Now, when I asked my local tailor if it would be possible to simply sew the last button hole closed and cut a new one closer to the cuff, he became extremely reluctant, which was surprising since he has done some pretty extreme modifications for me in the past (including turning a 6x1 DB into a 6x2).

My question is this: is my idea to sew one button hole shut and cut a new one closer to the cuff really such a bad one? Does it require a degree of tailoring skill above the local dry cleaners? If it is indeed infeasible, are there any altenatives open to me?


So . . . have the sleeve lengthened and one more buttonhole added toward the sleeve's bottom. If the other sleeve's length is fine have an additional buttonhole added above the others on that sleeve. No one other than you will notice that the sleeves have five buttons instead of four.

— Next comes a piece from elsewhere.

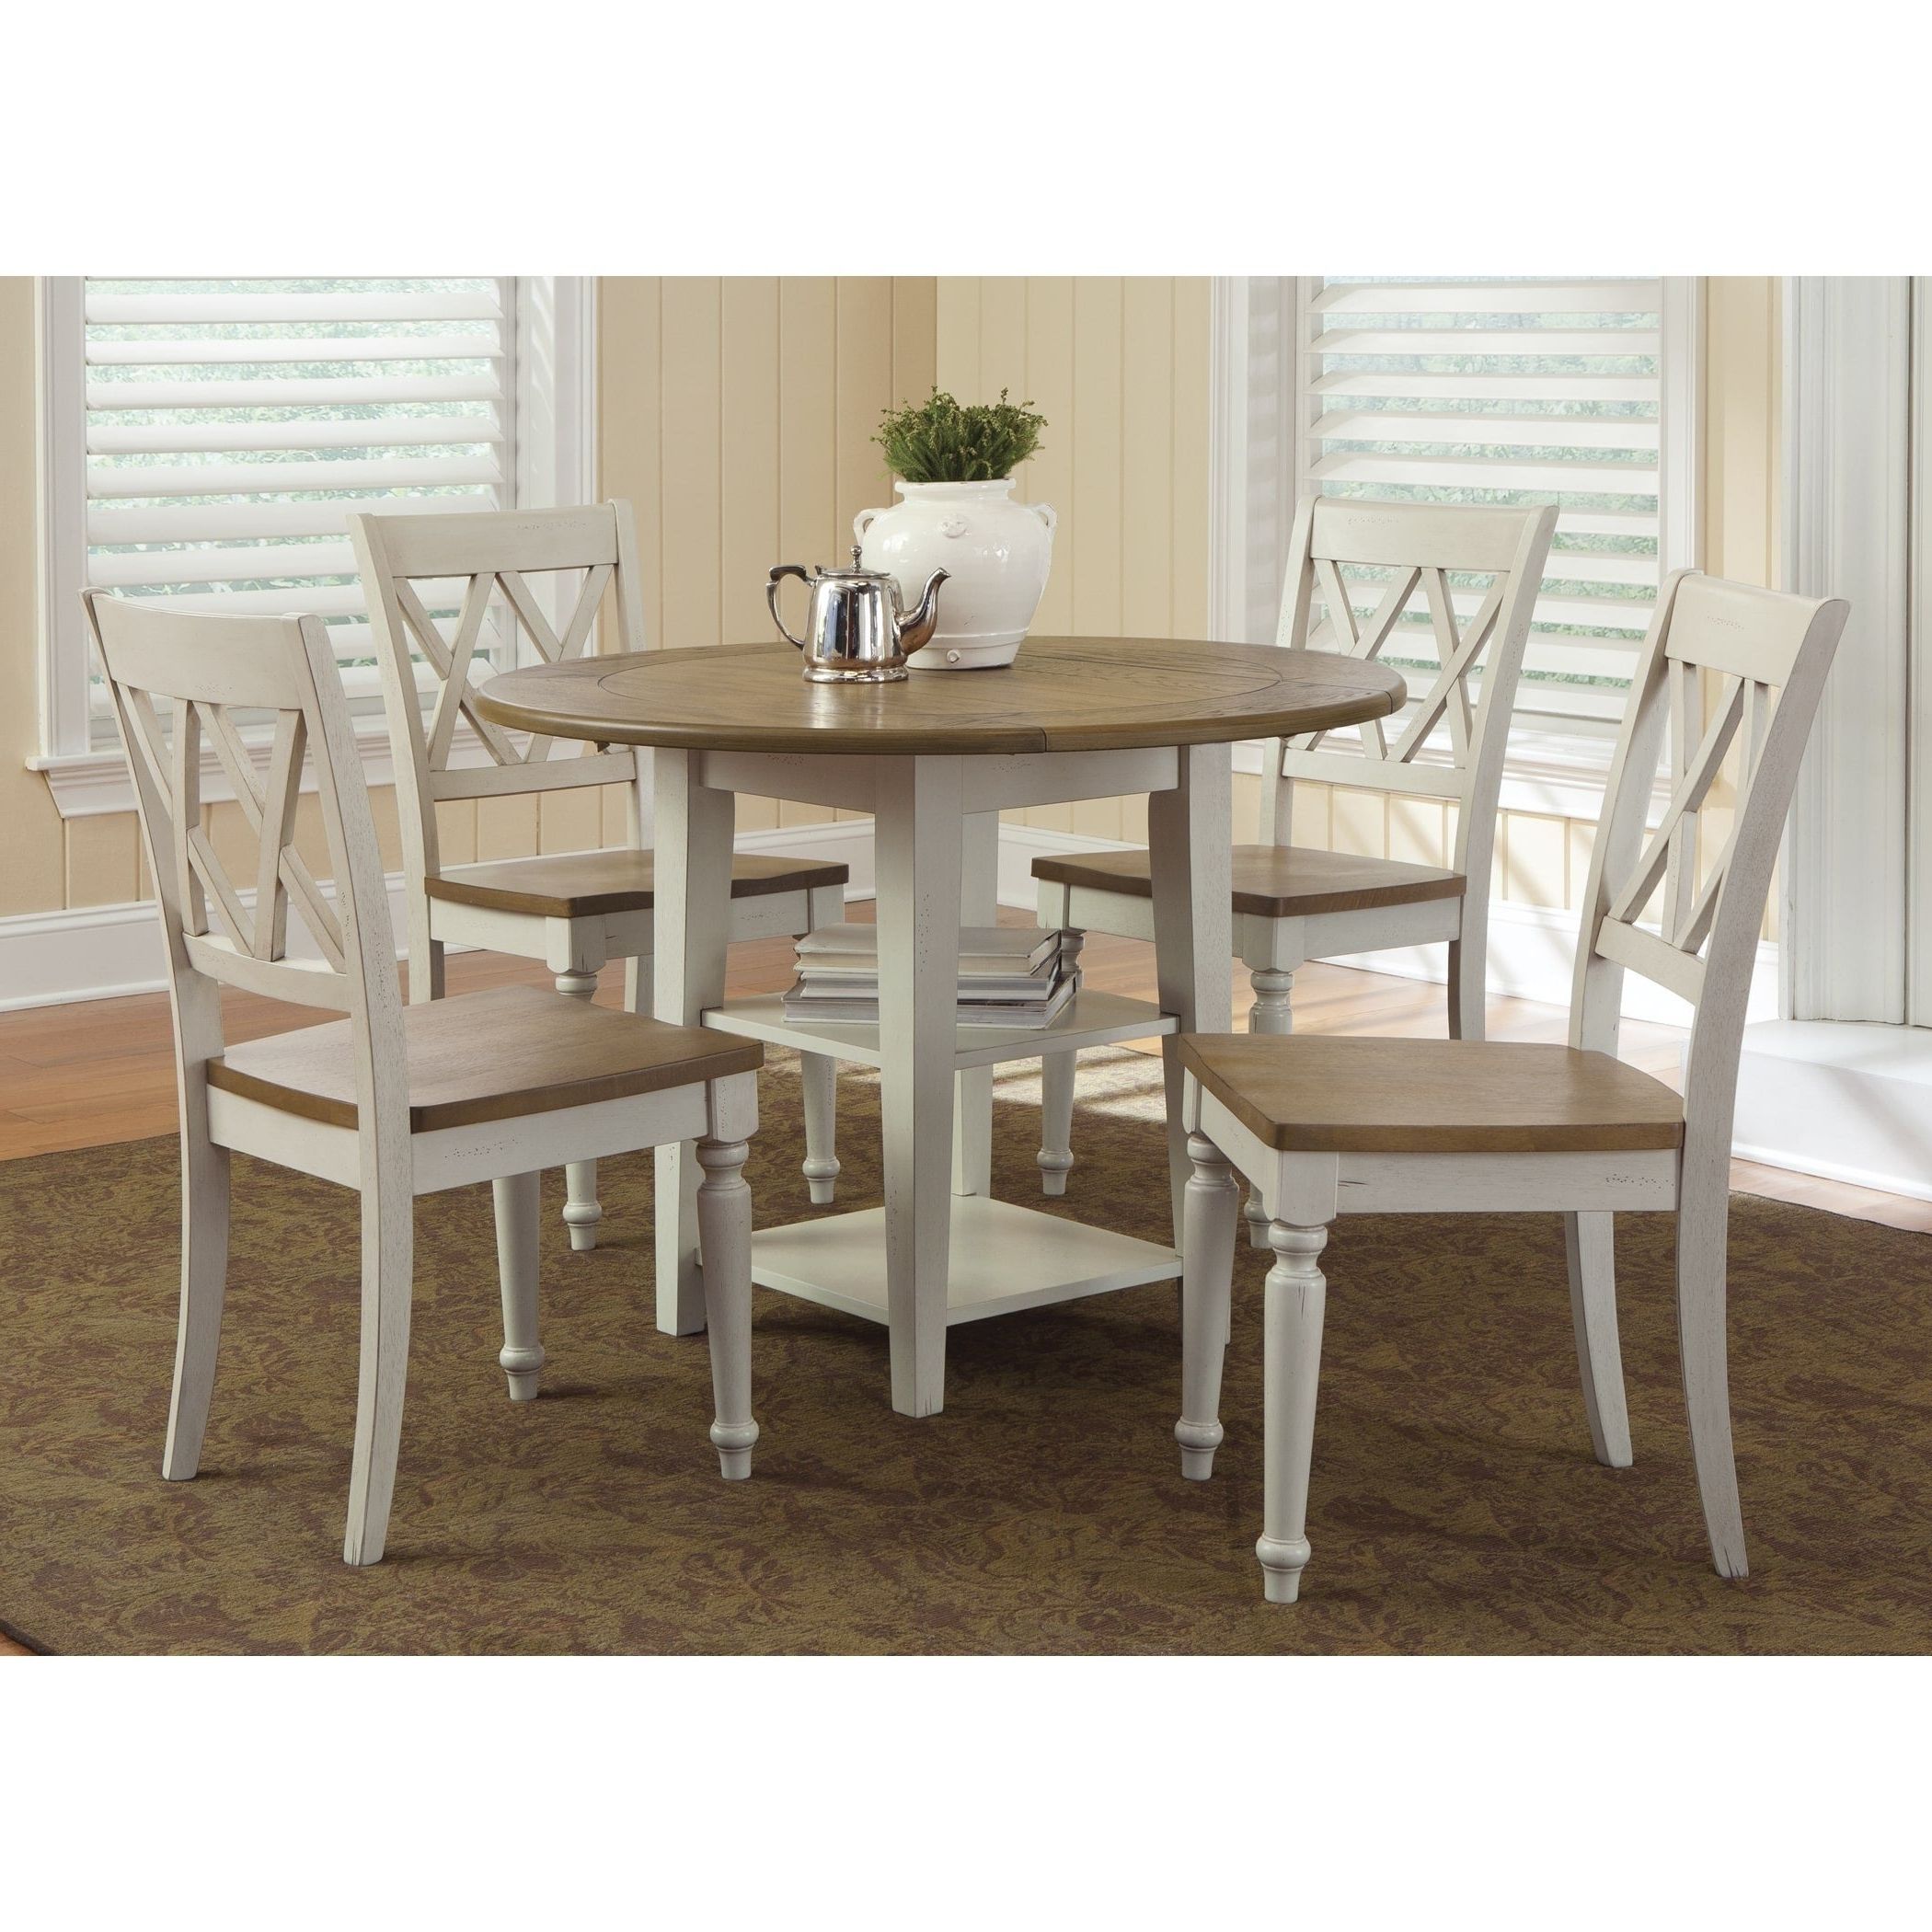 Al Fresco Two Tone Transitional Drop Leaf Leg Table – Antique White Inside 2019 Transitional Antique Walnut Drop Leaf Casual Dining Tables (Photo 21 of 25)
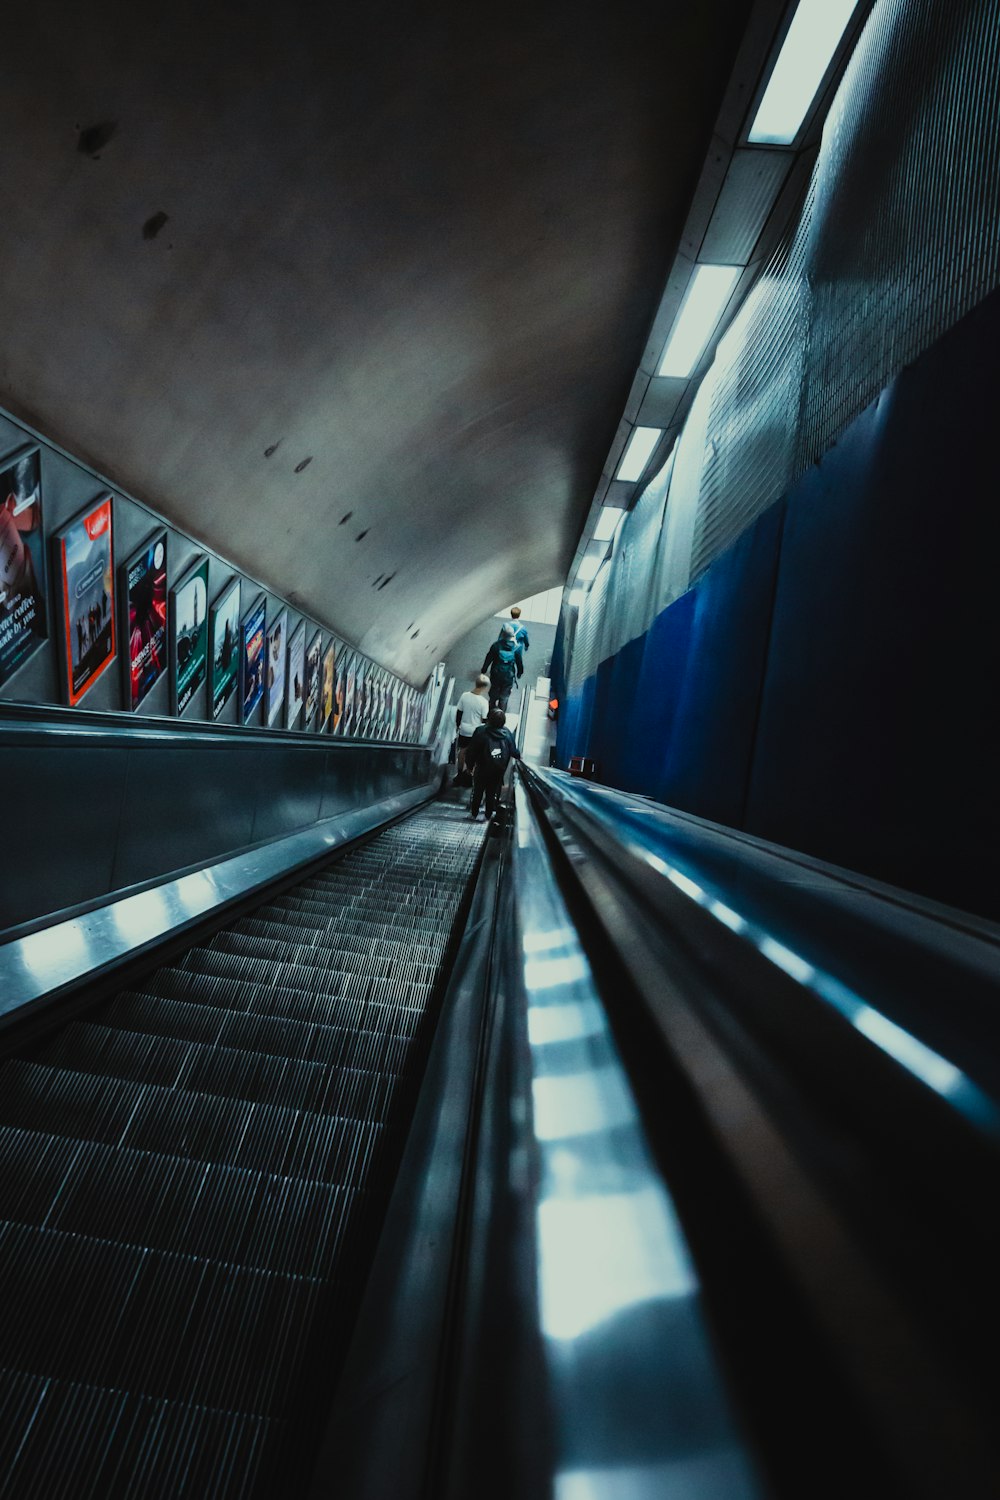 a person riding an escalator in a subway station

Not even the most skilled tailor can sew closed a buttonhole without leaving a scar. If you are dead set on not having more buttons, a good re-weaver can possibly take a piece from behind the lapel or pocket flap underside (depending on pattern and fading) and weave closed the hole you want removed. Nevertheless, you will need the same number of buttonholes on each sleeve for visual balance.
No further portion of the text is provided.